Head coach Ben McAdoo spoke on the physicality after practice.

“I like the intensity early in practice. I thought we were physical on both sides of the ball,” McAdoo said. “It was very physical with the gap schemes and that’s a part of it, but we need that physicality. We’re going to turn into a heavy-handed, physical football team. We just have to do a better job of handling the extracurricular activities after the whistle.”

McAdoo added that the fights did not cause the drill to end early.

“We have to commit ourselves to discipline and poise. It takes time to get there,” the second-year head coach said. “It’s just the third day in a row in pads. It usually happens around this time, but we need to commit ourselves to discipline and poise. If we can’t handle it, then I’ll interject and we’ll go do some other things, then come back and finish the drill.”

McAdoo appreciates the intensity and the passion but stressed that the team needed to curb the extracurriculars.

“The extracurricular stuff after the whistle is something that irritates the vets, and those are the things we need to put an end to,” he said. “You can be physical and you can be heavy-handed; you can fit your pads in and you can finish, but when that whistle blows, that extra stuff after the whistle is unnecessary.”

Bisnowaty, the Giants’ sixth-round pick out of Pittsburgh, was part of several post-whistle confrontations on the line, namely one with Romeo Okwara a few plays before the sidelines cleared. The two held onto each other and exchanged words before Damon Harrison forcefully intervened.

Bisnowaty also had an antagonistic get-together with Olivier Vernon, who likewise took the podium after practice.

“Practice is practice. You’re going to get things like that. You know, we just keep moving forward from that. We’re still teammates at the end of the day,” Vernon said. “We’re just out there trying to get better. Once you get in full pads, blood gets flowing and it gets very competitive out there. You know, that’s football.”

Veteran guard Justin Pugh, repping the offensive line, brushed off any long-term repercussions of the on-field civil war.

“That’s football, that’s August camp. It happens every year,” Pugh said. “You go into the locker room, you shake that guy’s hand, you move on from it. It’s part of it. Nine-on-seven, three days in pads we’ve been, so it was bound to happen. We’ve just got to make sure we protect each other because we’re family. At the end of the day, come September, whenever we play Dallas, we’re all on the same team, we’re wearing the same jersey.”

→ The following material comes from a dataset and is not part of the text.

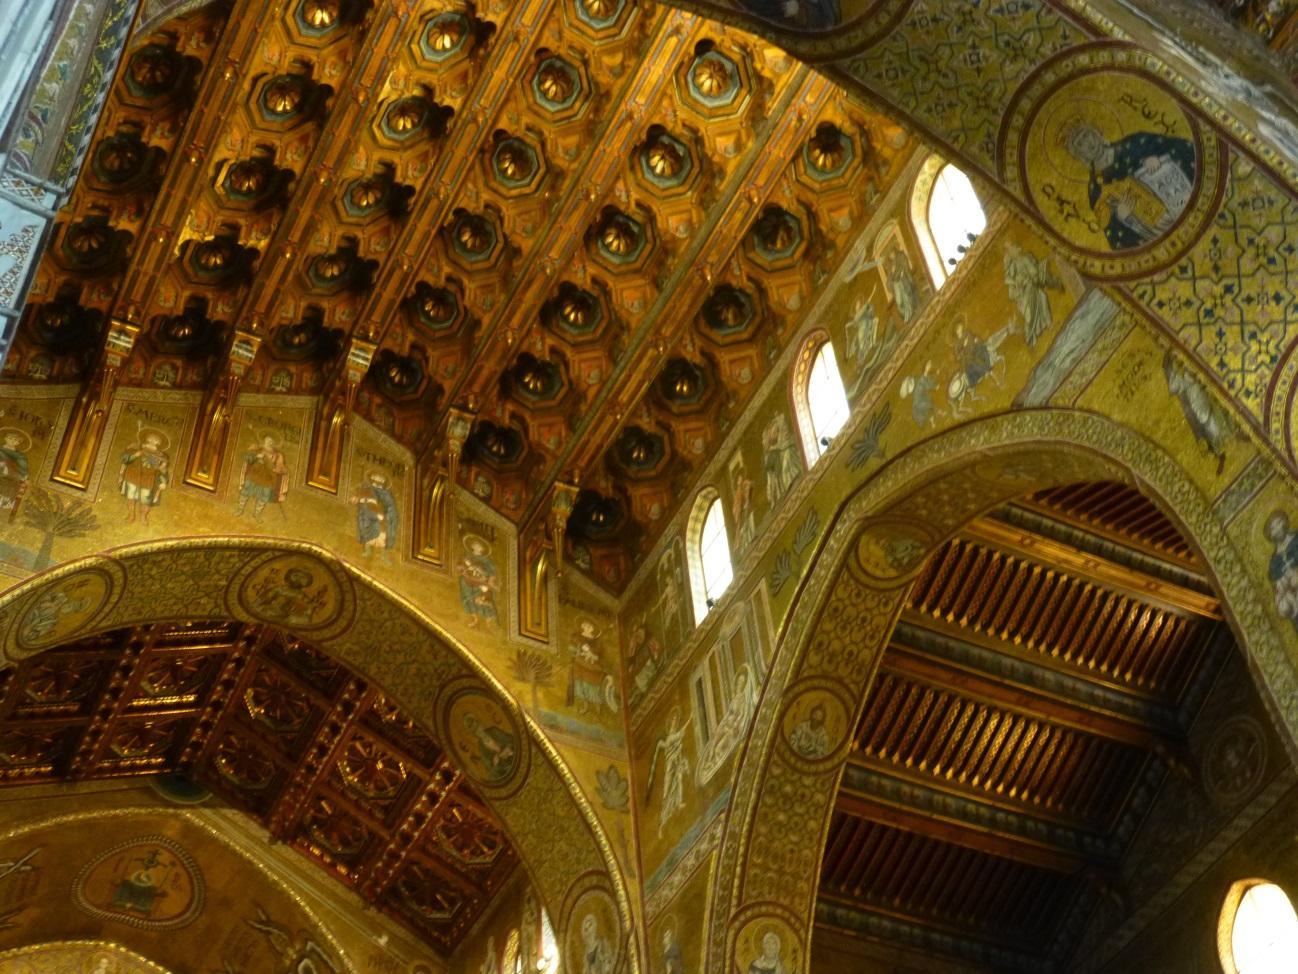 C:\Users\Gonzalo\Desktop\Documentos\Fotografías\Sicilia\102_PANA\P1020435.JPG

Like McAdoo, however, the former first-round pick stressed the need for a balance between toughness and smarts, and not make any stupid moves that could lead to catastrophe.

“At the end of the day, we’ve got to protect each other and be safe,” Pugh said. “You don’t want to end up hurting yourself and knocking yourself out of camp and then hurting yourself on making this team because of something silly like getting in a fight with a guy that you know, it really doesn’t matter that you’re fighting. It’s not going to prove anything within the team.”

Before making that statement, Pugh jokingly stated he would tell Bisnowaty to “grab the facemask and go upper cuts”. After laughing that off, he reiterated the importance of controlling emotions and showing grit.

“We’re a team here, we’re the New York Giants, we do things a certain way,” Pugh said. “We’ve got to make sure we respect the guy across from us and make sure that we’re doing the right things to represent each other, the team, and not put ourselves in a bad position. Because the worst thing that can happen, we lose a guy for an extended period of time.”

Though likely scheduled for a walk-through in tomorrow’s late morning practice, which is slated to begin at 11:55 AM, the Giants are just over a week away from facing off against a team other than themselves. They open their preseason slate against the Pittsburgh Steelers on August 11 (8 PM EST, WNBC).